[PATCH v3 19/41] KVM: PPC: Book3S HV P9: Stop handling hcalls in real-mode in the P9 path

Nicholas Piggin npiggin at gmail.com
Tue Mar 23 00:15:30 AEDT 2021


Excerpts from Alexey Kardashevskiy's message of March 22, 2021 5:30 pm:
> 
> 
> On 06/03/2021 02:06, Nicholas Piggin wrote:
>> In the interest of minimising the amount of code that is run in
>> "real-mode", don't handle hcalls in real mode in the P9 path.
>> 
>> POWER8 and earlier are much more expensive to exit from HV real mode
>> and switch to host mode, because on those processors HV interrupts get
>> to the hypervisor with the MMU off, and the other threads in the core
>> need to be pulled out of the guest, and SLBs all need to be saved,
>> ERATs invalidated, and host SLB reloaded before the MMU is re-enabled
>> in host mode.

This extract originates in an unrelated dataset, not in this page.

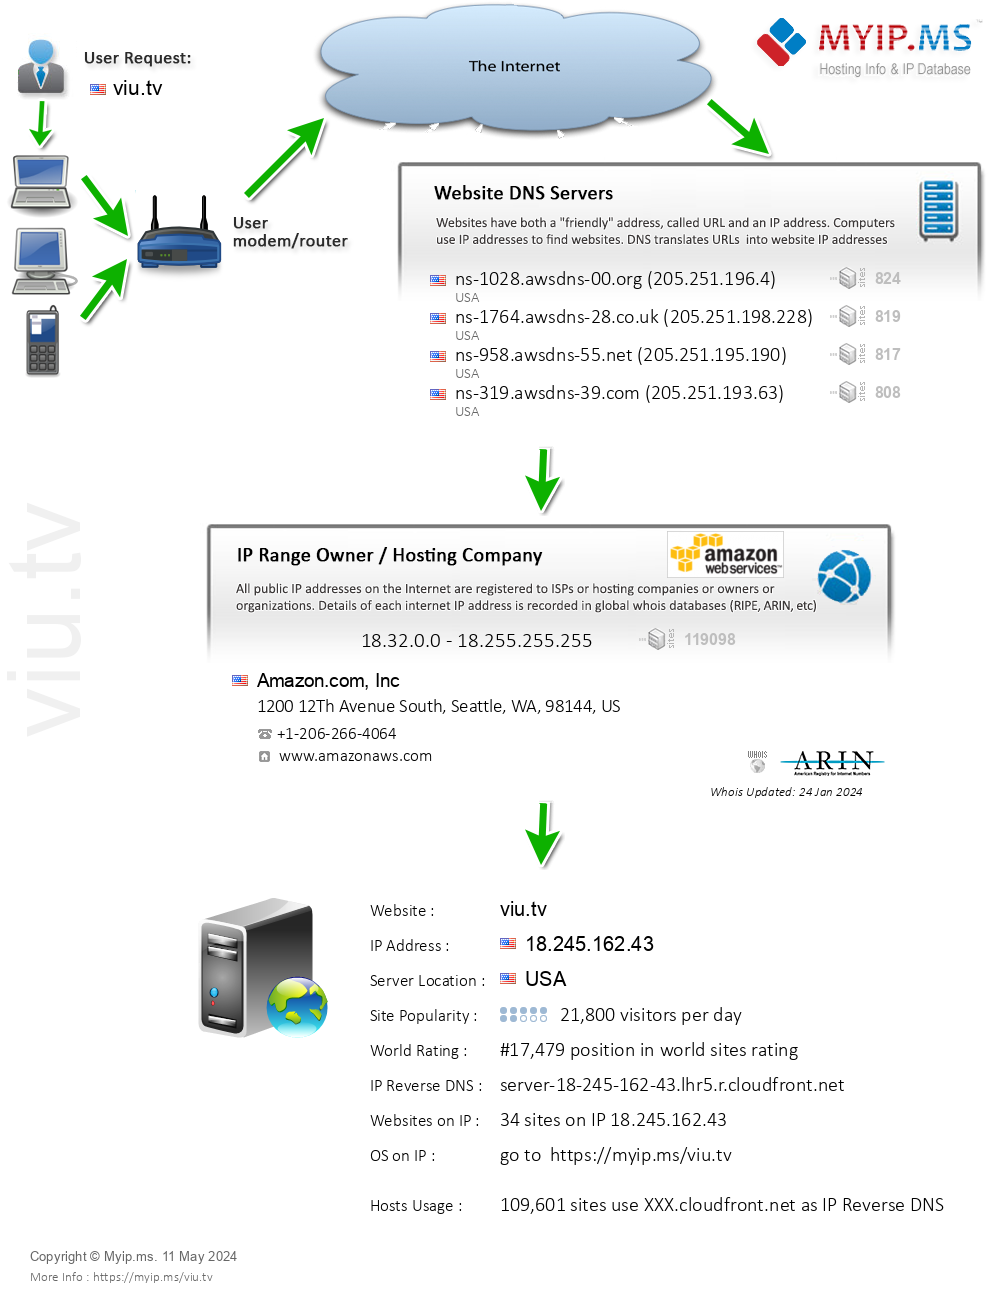 Viu.tv - Website Hosting Visual IP Diagram
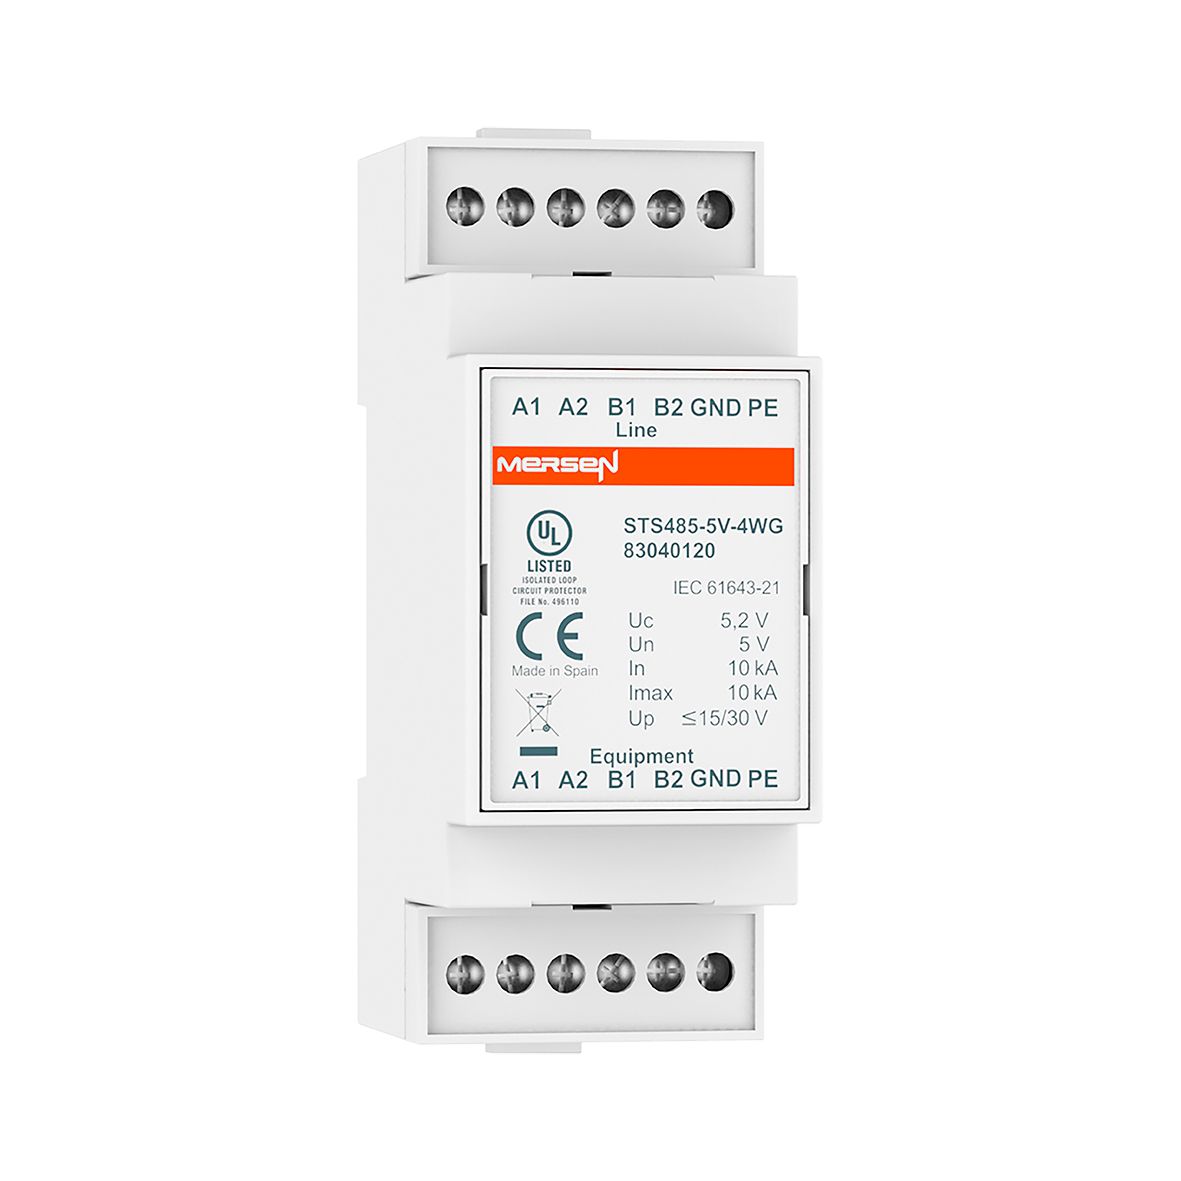 83040120 - SPD for analog signals DIN rail format, 4 protected wires, 5 V, 10 kA.

Hash guests also require a lot of hcalls to run. The
>> XICS interrupt controller requires hcalls to run.
>> 
>> By contrast, POWER9 has independent thread switching, and in radix mode
>> the hypervisor is already in a host virtual memory mode when the HV
>> interrupt is taken. Radix + xive guests don't need hcalls to handle
>> interrupts or manage translations.
>> 
>> So it's much less important to handle hcalls in real mode in P9.
> 
> So acde25726bc6034b (which added if(kvm_is_radix(vcpu->kvm))return 
> H_TOO_HARD) can be reverted, pretty much?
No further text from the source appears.